Summary of this article
Ahmedabad consumer commission backs mental illness health insurance claim
National Insurance told to reimburse psychosis hospitalisation expenses
Mental Healthcare Act requires parity with physical illness coverage
Policy exclusions cannot override statutory mental health insurance protections
An Ahmedabad consumer commission has held that health insurers cannot deny hospitalisation claims for mental illness by relying on policy exclusions that conflict with statutory protections and insurance regulations.
The Ahmedabad District Consumer Disputes Redressal Commission (additional) directed National Insurance Company Ltd to reimburse a policyholder for treatment related to psychosis, observing that mental illnesses must receive insurance coverage on the same footing as physical ailments.
The commission also ordered the insurer to pay interest at 7 per cent on the claim amount, along with Rs 4,000 towards mental harassment and litigation costs.
Claim Rejected For Psychosis Treatment
The case involved a Vastrapur resident who had purchased a mediclaim policy with a sum insured of Rs 3 lakh from National Insurance Company.
In October 2022, he spent four days in a private hospital for psychosis treatment. The bill was Rs 44,409, and he later sought reimbursement from the insurer.
The insurer turned down the claim, saying the policy did not cover hospitalisation linked to mental illness.
He then moved the consumer commission, claiming that the insurer had wrongly denied his claim. He argued that the rejection was unjustified, particularly when mental health treatment is legally required to be treated at par with treatment for physical ailments, according to a recent report by The Times of India.
The insurer defended its decision on the grounds that the exclusion was part of the policy terms and conditions. It maintained that the treatment did not qualify for reimbursement under the cover purchased by the policyholder.
Mental Illness Cannot Be Treated Differently
The commission did not accept the insurer’s position. It referred to the Mental Healthcare Act, 2017, which requires every insurer to make provision for medical insurance for treatment of mental illness on the same basis as treatment for physical illness.

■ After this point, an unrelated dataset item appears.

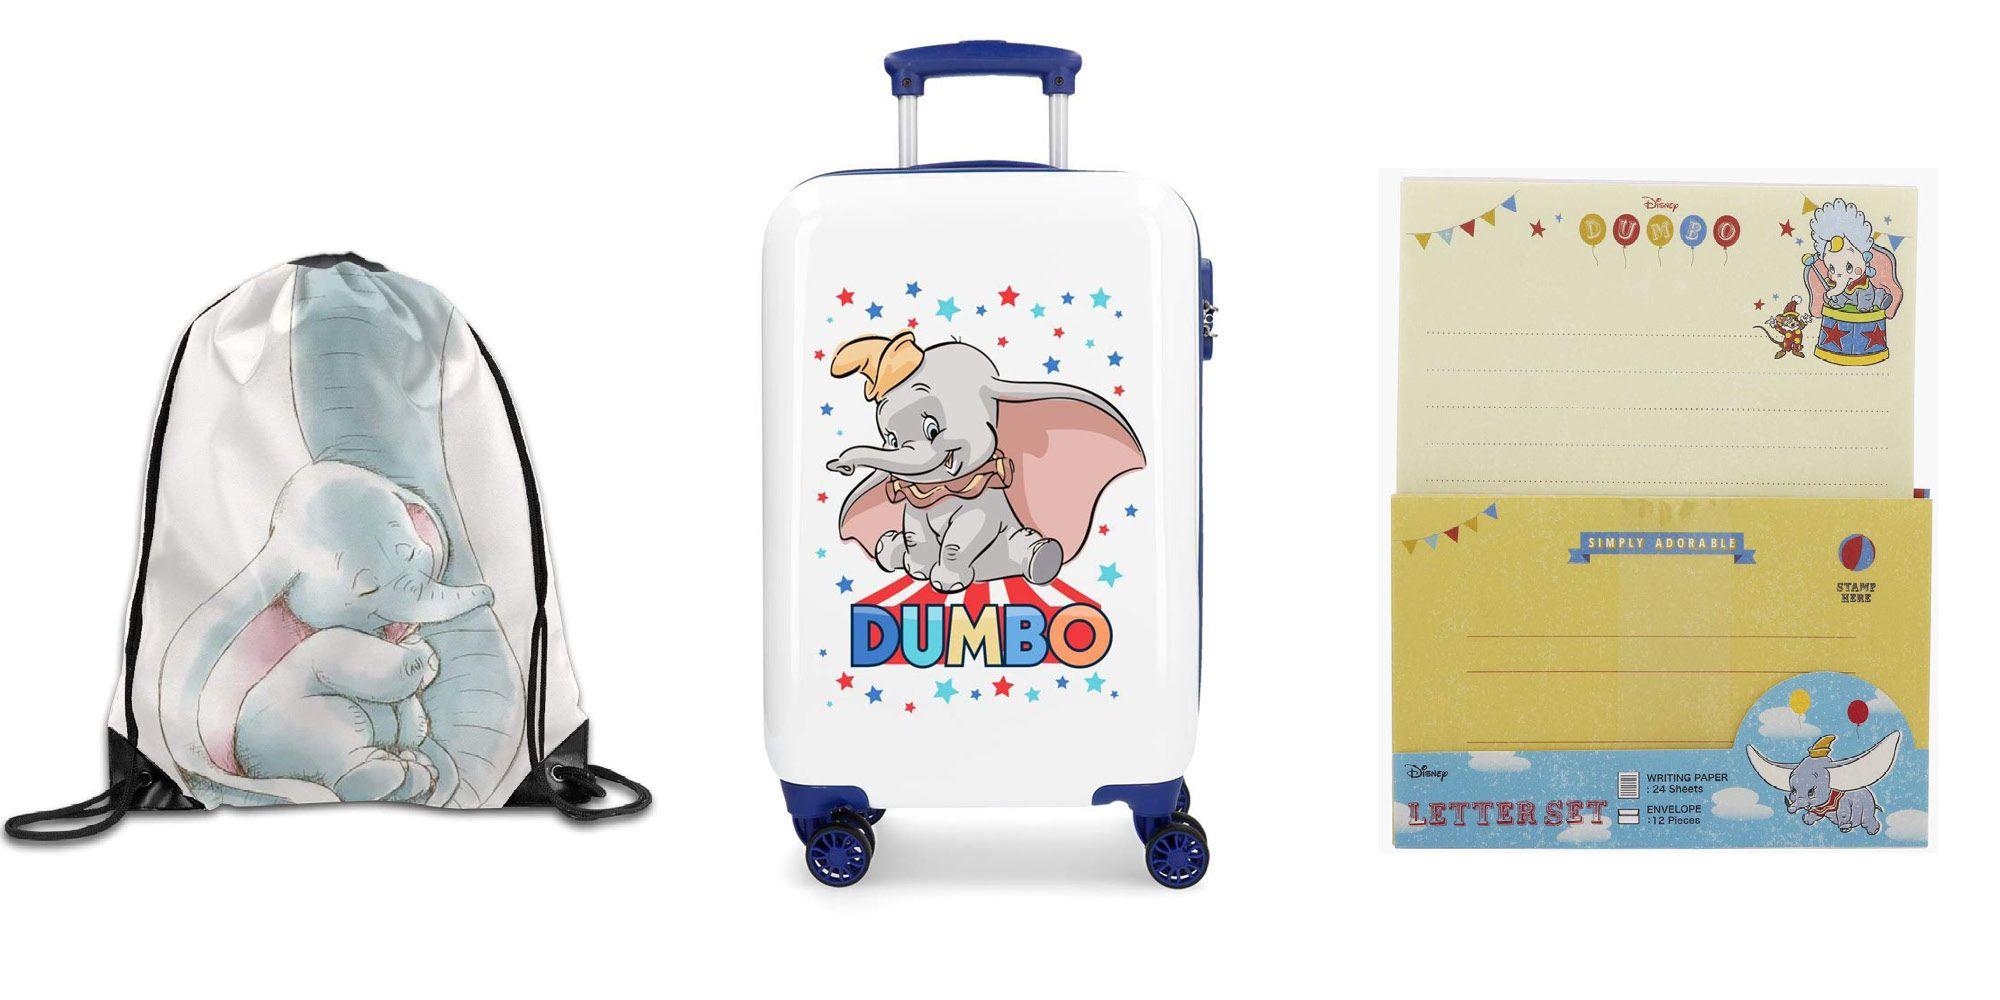 Estos son los 15 regalos más adorables de Dumbo que hay en

It also took note of the insurance regulator’s directions issued in August 2018. These directions required insurers to provide coverage for mental illness treatment in line with the provisions of the Mental Healthcare Act.
The commission observed that the insurer had failed to provide a convincing explanation for why the statutory provision and regulatory directions should not apply in the matter.
The commission said the insurer could not reject the claim using a policy clause that went against the law and insurance rules. It is termed the rejection as arbitrary and invalid.
The ruling may help policyholders whose mental health treatment claims are rejected under standard health plans. Insurers may impose policy conditions, but they cannot refuse a claim only because the treatment was for a mental illness.
Treatment for mental health issues may include hospital care, medicines, counselling, and regular consultations with specialists. The costs can add up quickly, particularly where inpatient care becomes necessary. Policyholders should therefore read the wording of their health insurance policy carefully and check whether mental health treatment, psychiatric hospitalisation, and related expenses are specifically covered.
Those whose claims are rejected should ask the insurer for a written reason for repudiation and examine whether the denial is consistent with the Mental Healthcare Act and insurance regulations. Where necessary, they may use the insurer’s grievance mechanism and subsequently approach the Insurance Ombudsman or consumer commission.
The Ahmedabad order underlines that health insurance cannot distinguish between the mind and the body when the law requires equal treatment for both.